The survey questioned executives overseeing a combined £526 billion ($660 billion) in security budgets in 2022, or 3.3% of their global revenue.
What is Driving Security Spending?
The top three global drivers for the spending increase include rising operational costs, international economic instability, and domestic security concerns.
Regarding future spending plans, 42% of respondents expressed their intention to invest in AI-powered surveillance for quicker threat detection.
A total of 42% of respondents consider AI and AI-powered surveillance to be at the top of their future investments list for the next 5 years.
Of all respondents, 40% will also invest in biometrics and facial recognition in the next 5 years.
Europe Named ‘Least Advanced’ Region
European companies commonly experienced security threats such as fraud and misuse of company resources or data.
Europe lagged behind as the least advanced region in utilising cutting-edge and emerging technologies, with only 31% adoption. Latin America was ranked highest.

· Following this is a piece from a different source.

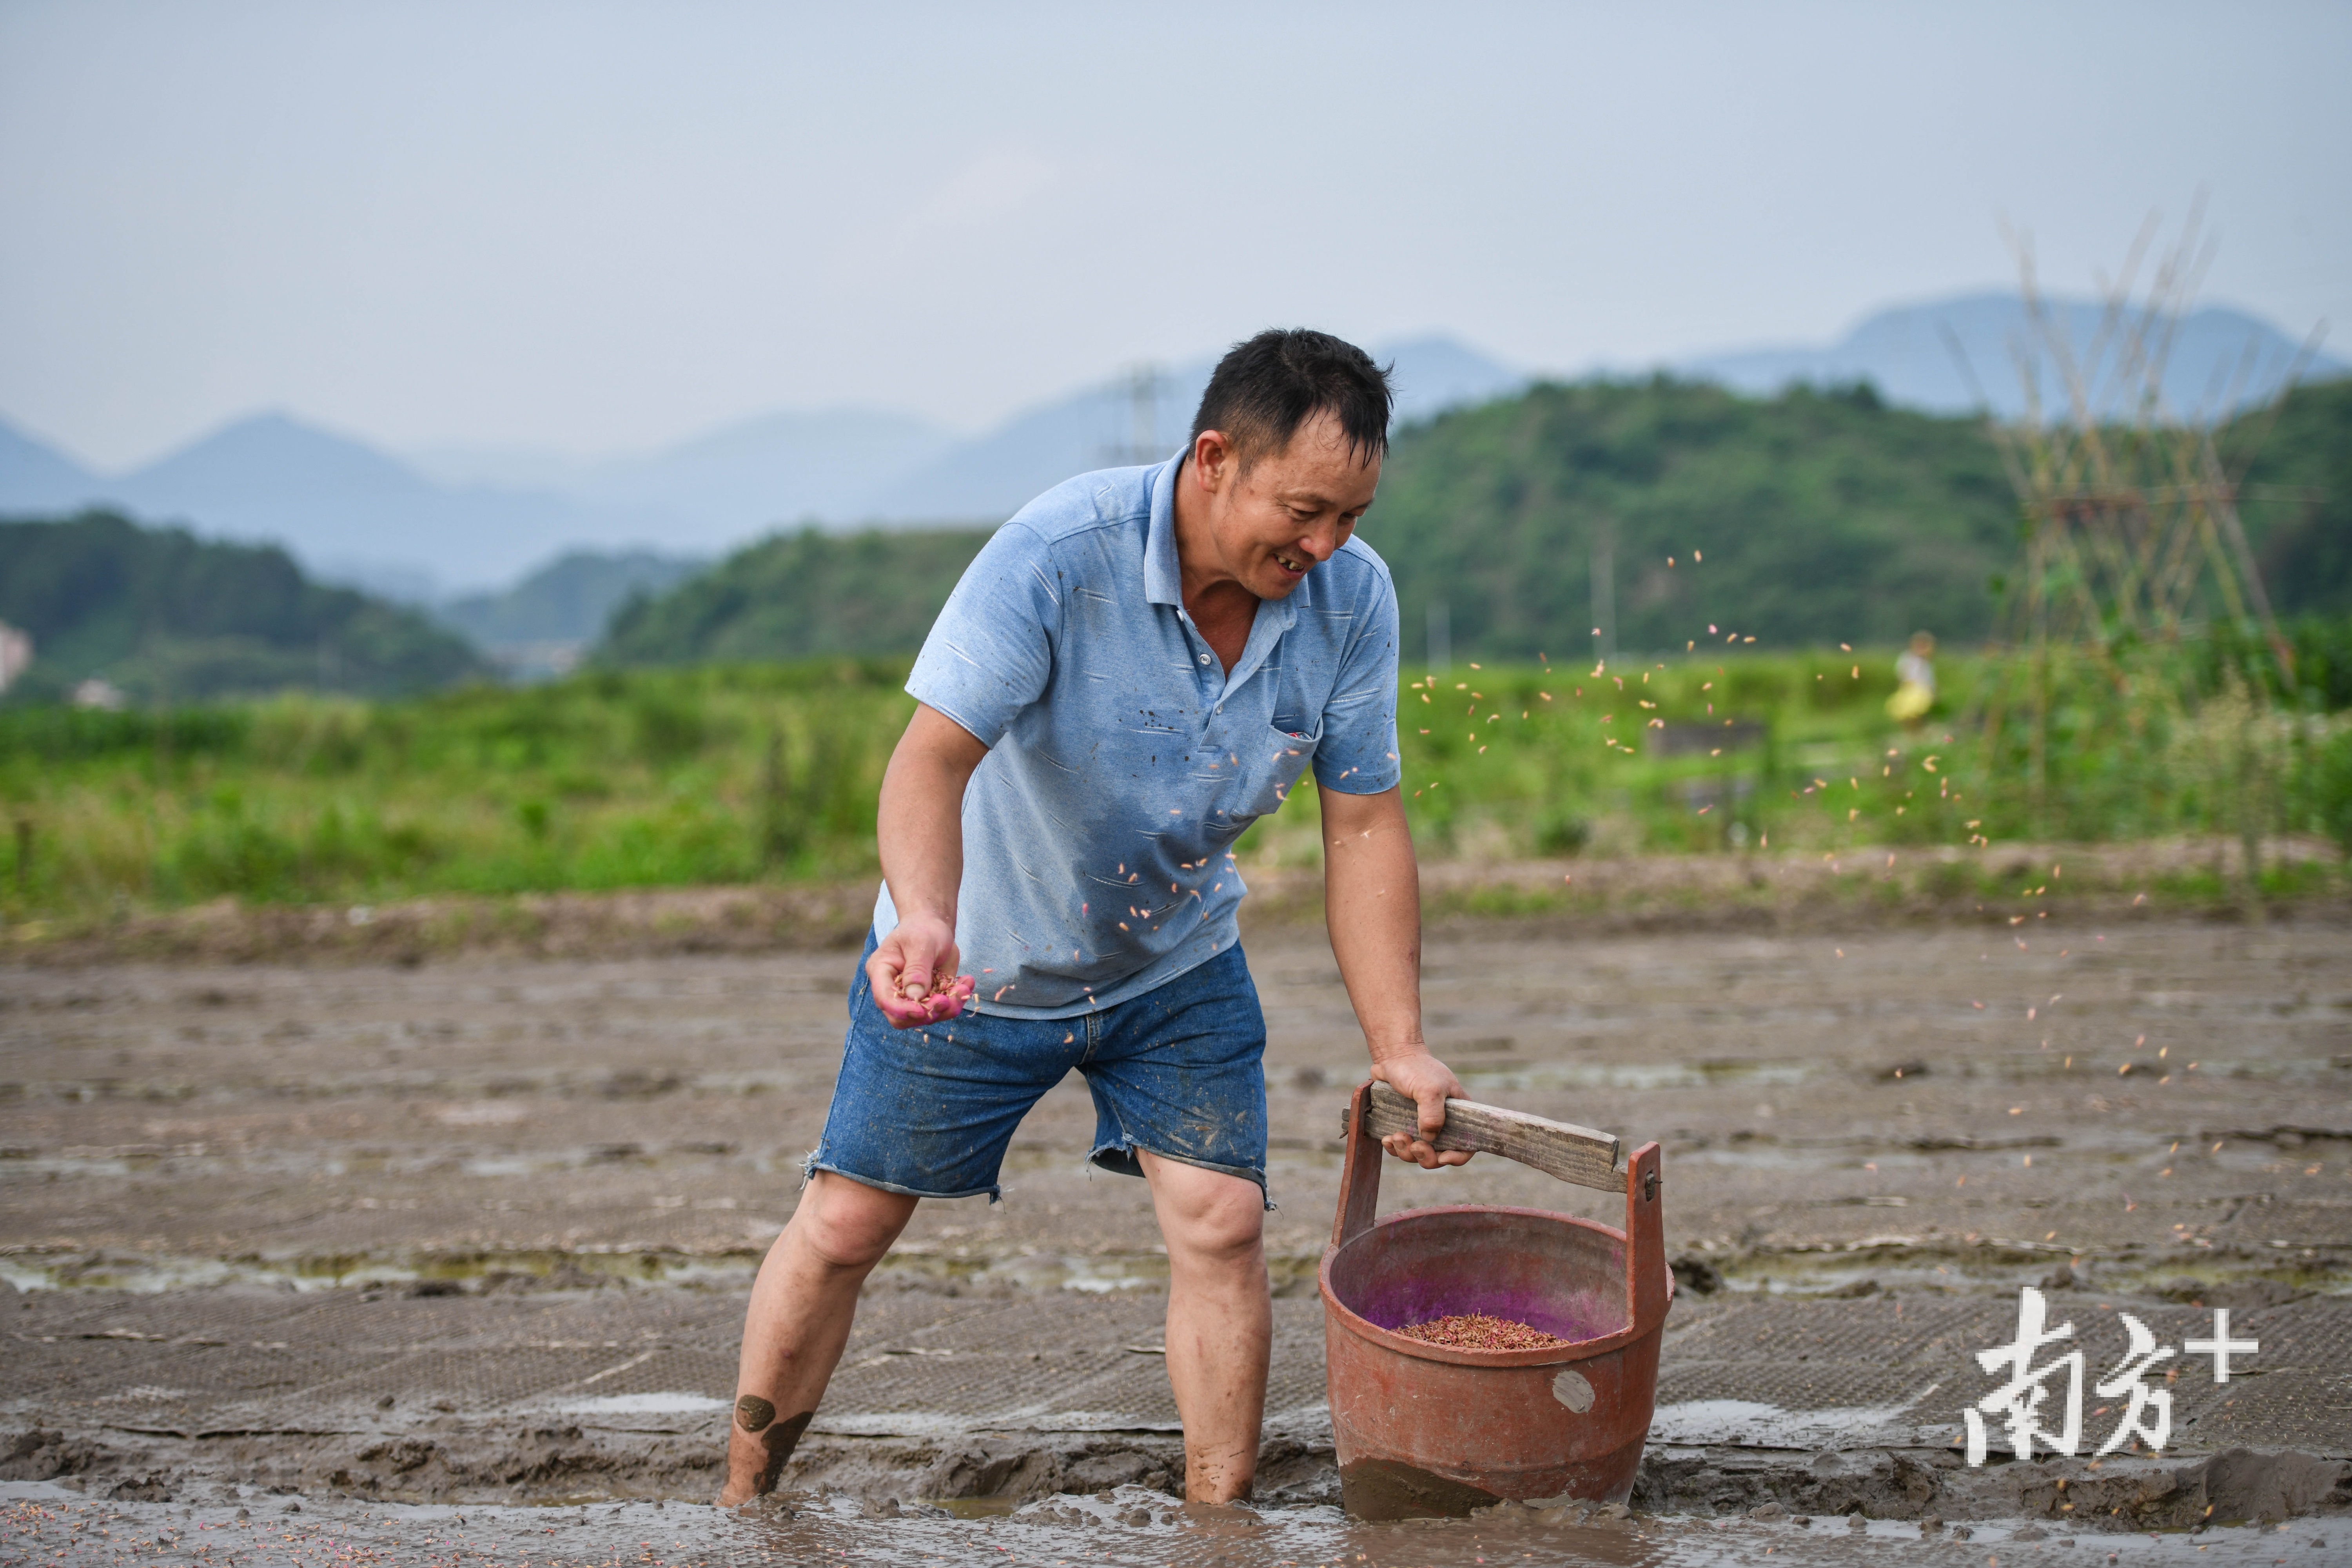 吴战辉在田地里忙着播种、育秧。

The greatest barrier to technology implementation is the cost to implement, cited by 36%, followed by the cost of maintenance at 34%.
European companies ranked second in the use of basic or minimal technology, with 36% of respondents indicating this as their level of advancement.

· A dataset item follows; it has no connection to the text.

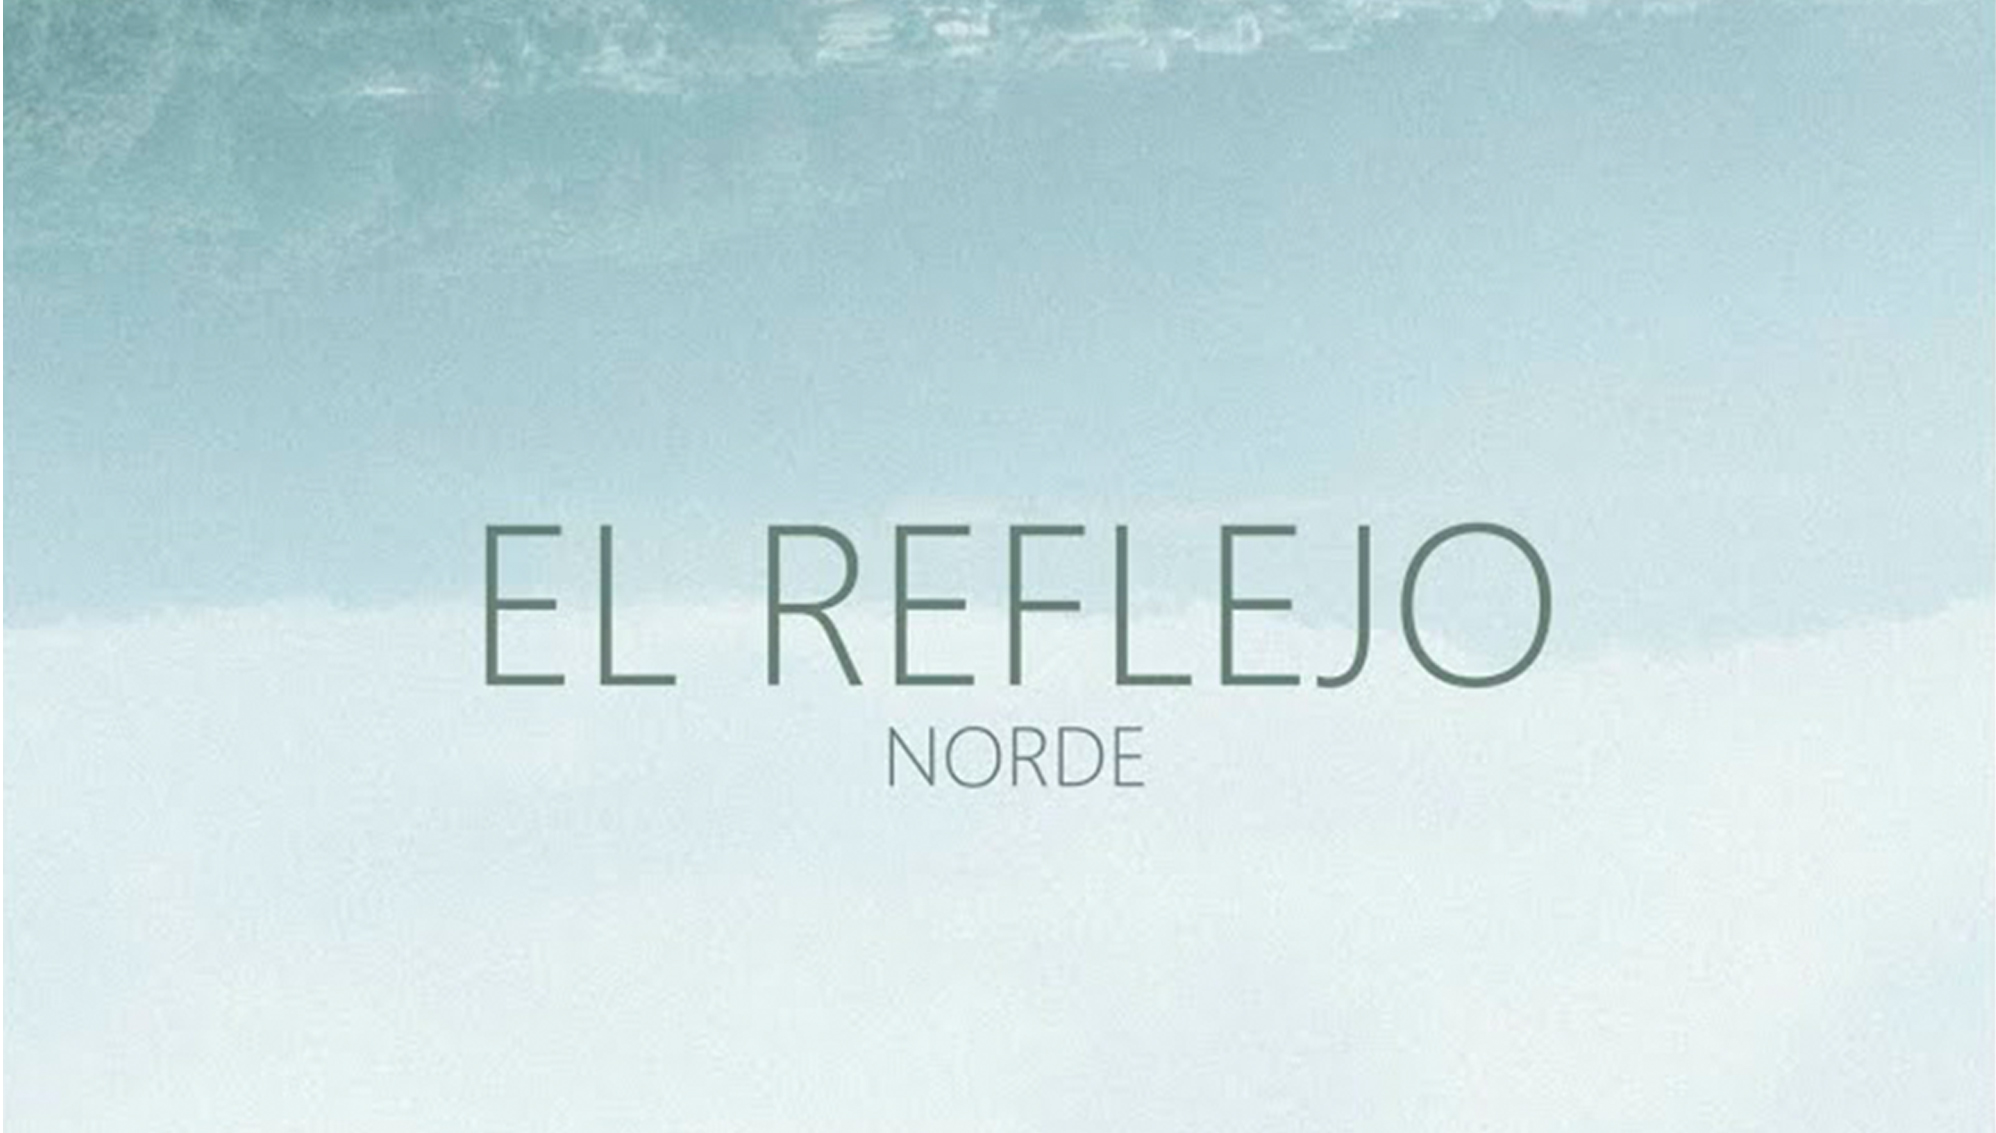 Norde lanza El reflejo

What Does the Future Hold for Physical Security?
CSOs will confront a ‘wide range of challenges’. The survey identified technology as a ‘critical enabler’ for future security, where AI and other technologies boost accuracy and reduce repetitive manual tasks.
The survey highlighted the benefit of Robotic Process Automation (RPA).
“An RPA was able to complete reviews of vetting paperwork in significantly less time with 99.6% accuracy, thereby allowing the security officers to focus on strategic work,” said Mary Rose McCaffrey, former Vice President of Security at Northrop Grumman.
The survey also emphasised the need for third-party expertise. It recommended the security community to invest in individuals with necessary technical capabilities, despite the associated cost.
“The security professional of the future will be able to… interact with the technology required to do their job and keep safe the assets they are assigned to protect,” added McCaffrey.
Respondents identified top traits for frontline security officers of the future, including a strong understanding of technology and industry-specific experience.